It’s the new mantra of our culture, the moral wisdom of the age. It’s the battle cry of a movement led by those not so wise as a sage.

A few months ago, the Coca-Cola Co. joined the chorus and launched its “Love Is Love” campaign in Hungary. Peppered throughout train stations, on billboards, and on its Hungarian Facebook page, Coke’s ads featured both opposite-sex and same-sex couples with the hashtag #loveislove. The campaign came days before the “love revolution”–themed Sziget Festival, a weeklong music and art event held annually in Budapest.

The message of this slogan is a no-brainer: “Male or female? Who cares? Love is love, and it’s all good!” As the Coca-Cola Co. stated in an email dated August 4, 2019, the ads “do indeed try to convey a message: . . . our belief that everyone has a right to love and that the feeling of love is the same for all” (emphases added).

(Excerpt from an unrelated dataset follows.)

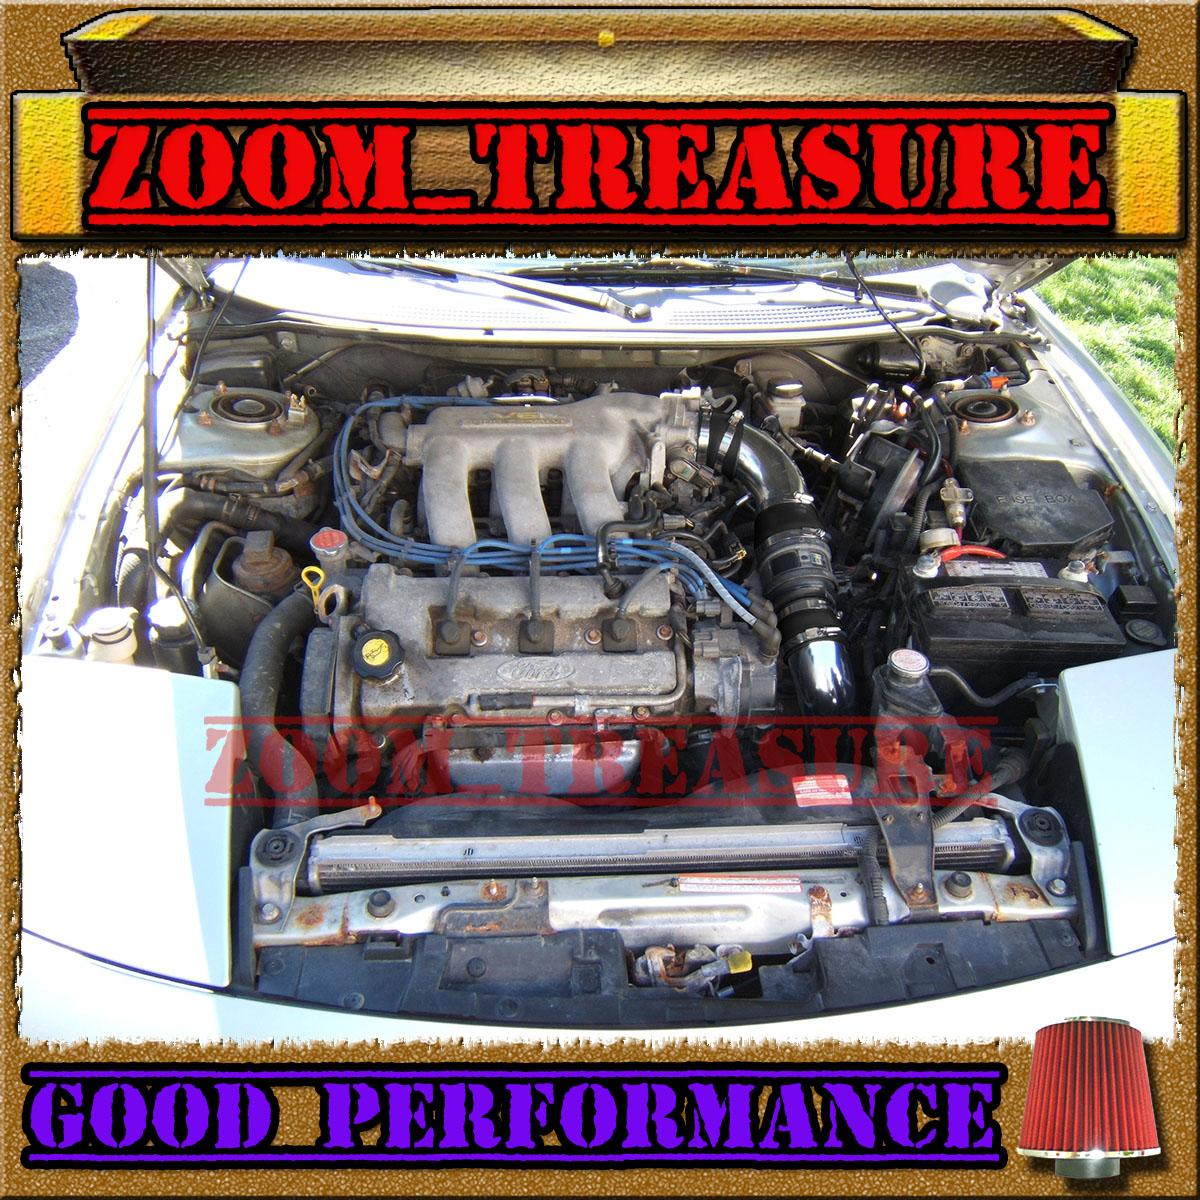 626 2.5L V6 Black Blue Cold Air Intake Kit For 1993-97 Ford Probe Mazda MX6

Kudos to those who developed the slogan because it has rhetorical force. It appeals to something innate: the desire for romantic love. And, in particular, it proposes love as the foundation of a sexual relationship, which is noble and worthy of praise (something we can’t say about the motivations behind the “hookup” culture).

But when you think it through, “love is love,” the way it is used in this slogan, simply can’t be true.

Hijacking the word love

Consider, for example, that when the slogan is used, love is rarely defined. And when it is defined, it’s usually called a “feeling,” as the Coca-Cola Co. called it in its defense of the ads. (Not too different from “Taste the feeling!”)

The problem is that it is so easy to hijack the term love to justify almost anything. The grotesque North American Man Boy Love Association (NAMBLA), for example, does just that. It seeks to justify sexual acts between adult males and young boys in the name of “love,” stating on its website:

NAMBLA’s goal is to end the extreme oppression of men and boys in mutually consensual relationships by . . . educating the general public on the benevolent nature of man/boy love (emphases added).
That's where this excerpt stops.